Exercise goal => Once you find the line with "JOE GAUTHREAUX Official Podcast" in the listing below, set down exactly every line from it through the line with "lleyton-hewitt", but no pictures.

Information shown =>

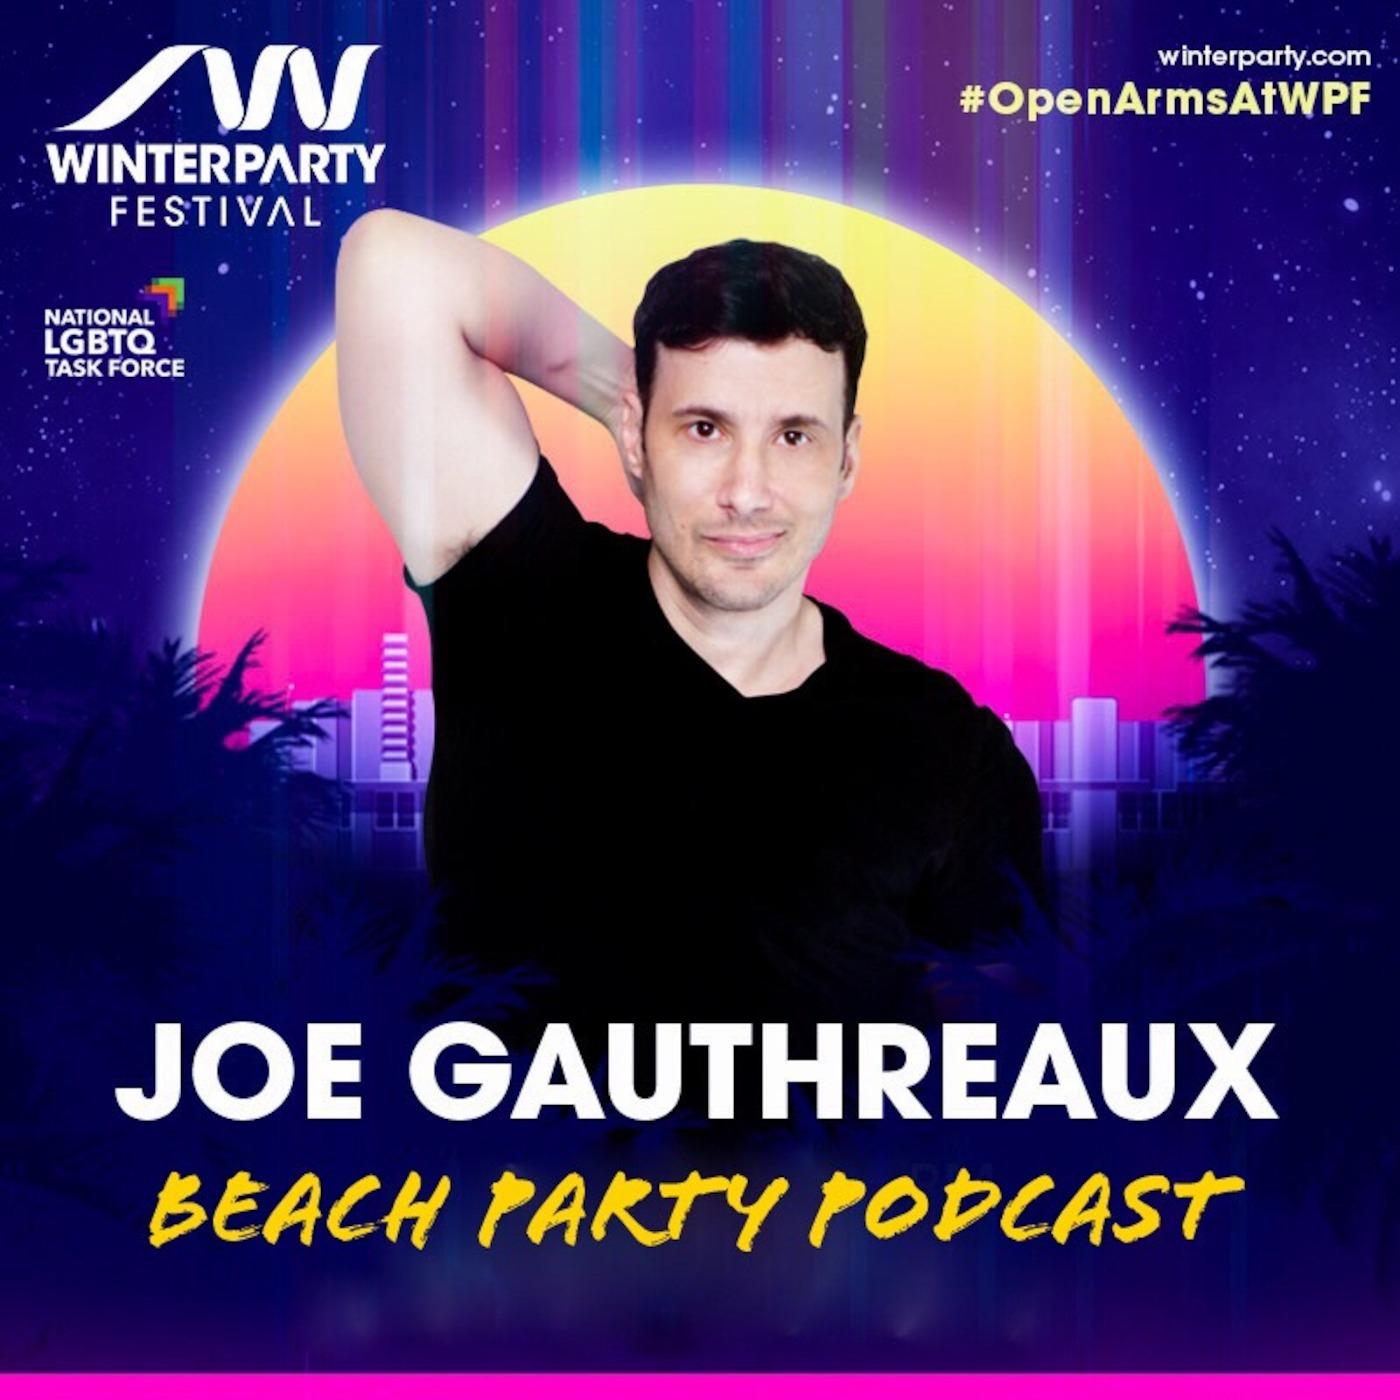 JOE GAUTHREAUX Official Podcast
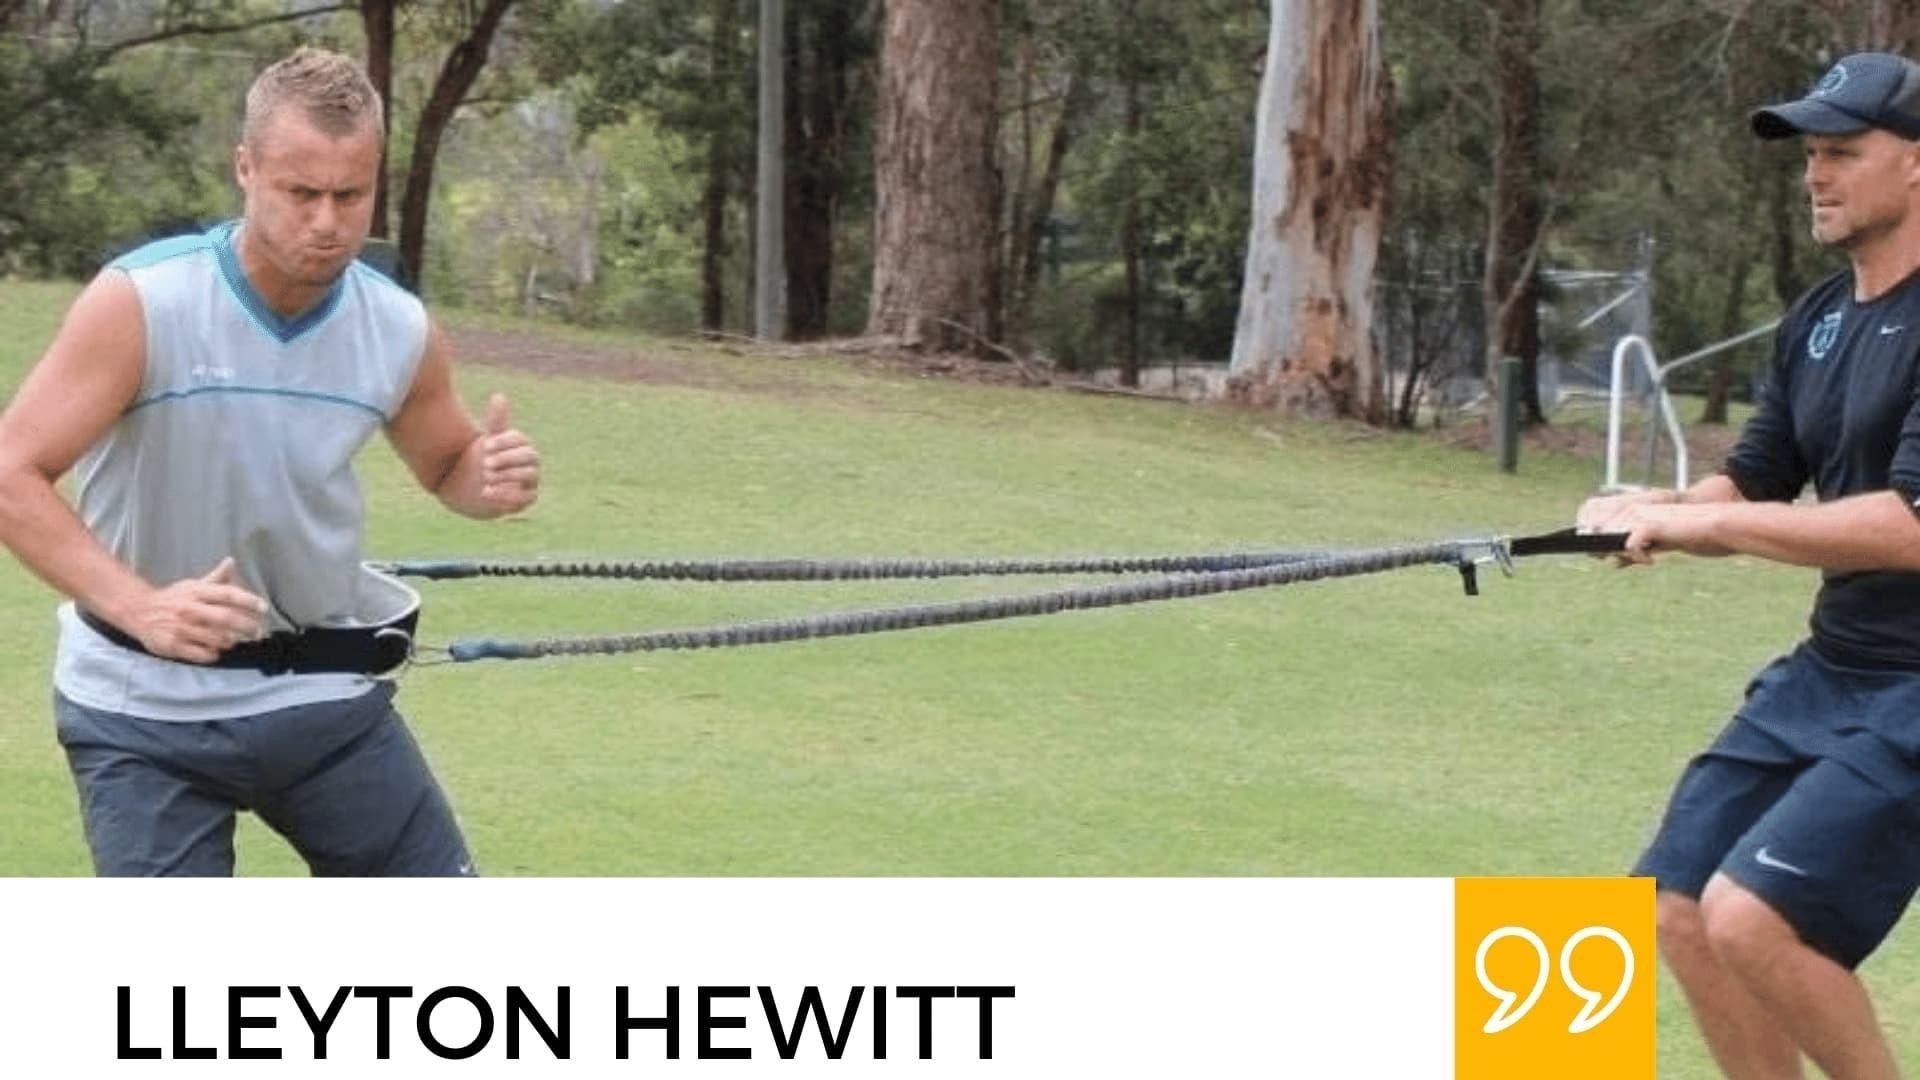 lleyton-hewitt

* * *

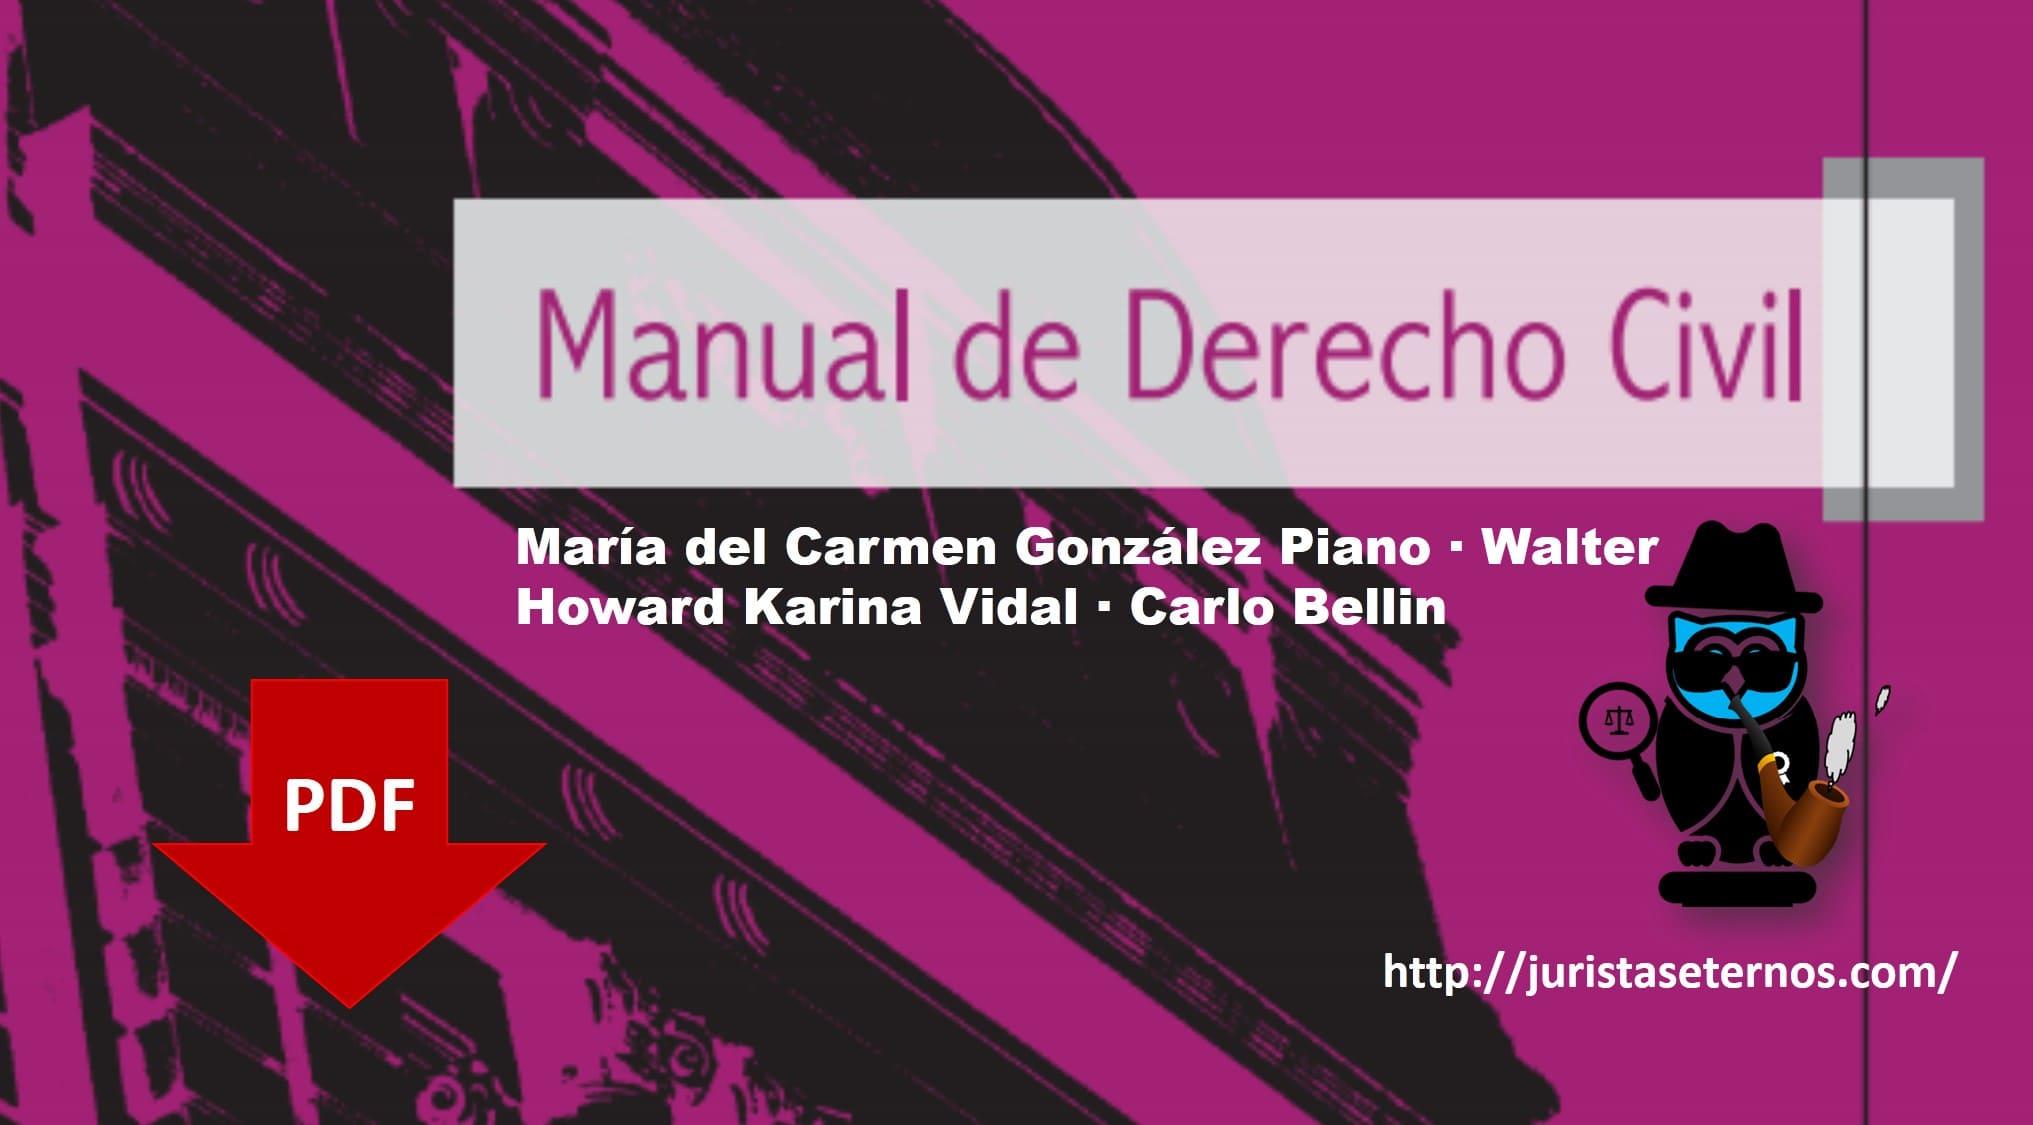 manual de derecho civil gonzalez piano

---

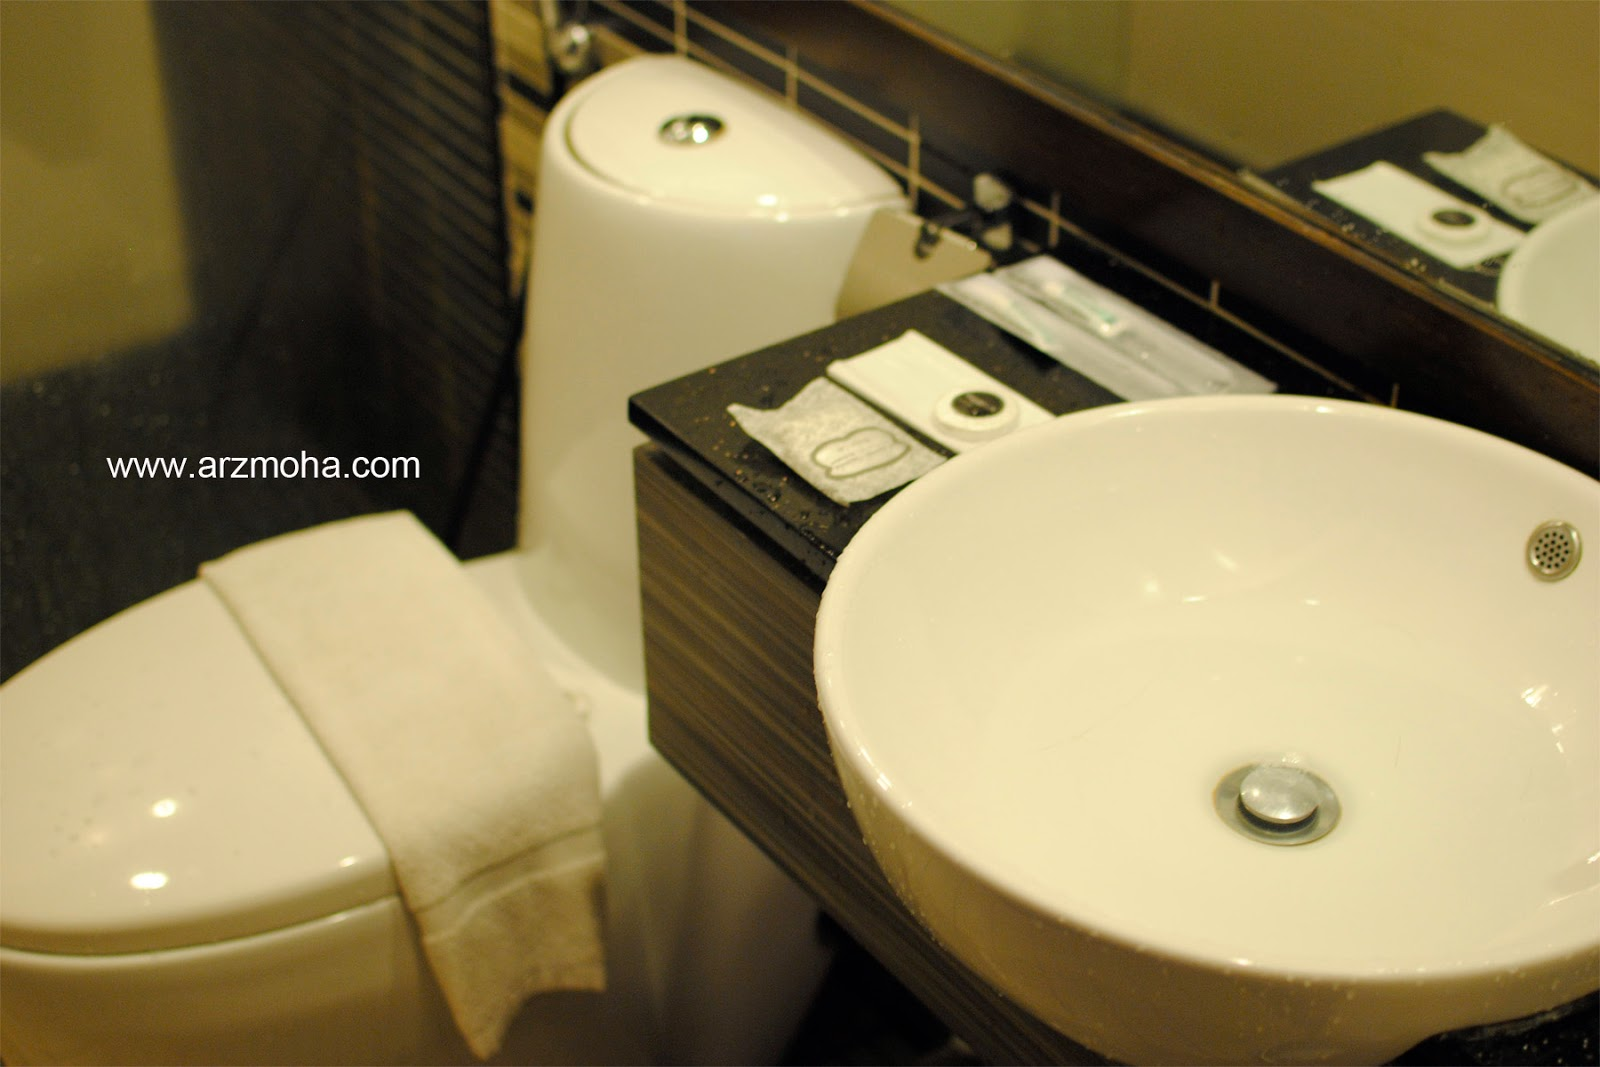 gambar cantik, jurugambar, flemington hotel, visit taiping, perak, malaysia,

Answer section =>
 JOE GAUTHREAUX Official Podcast
 lleyton-hewitt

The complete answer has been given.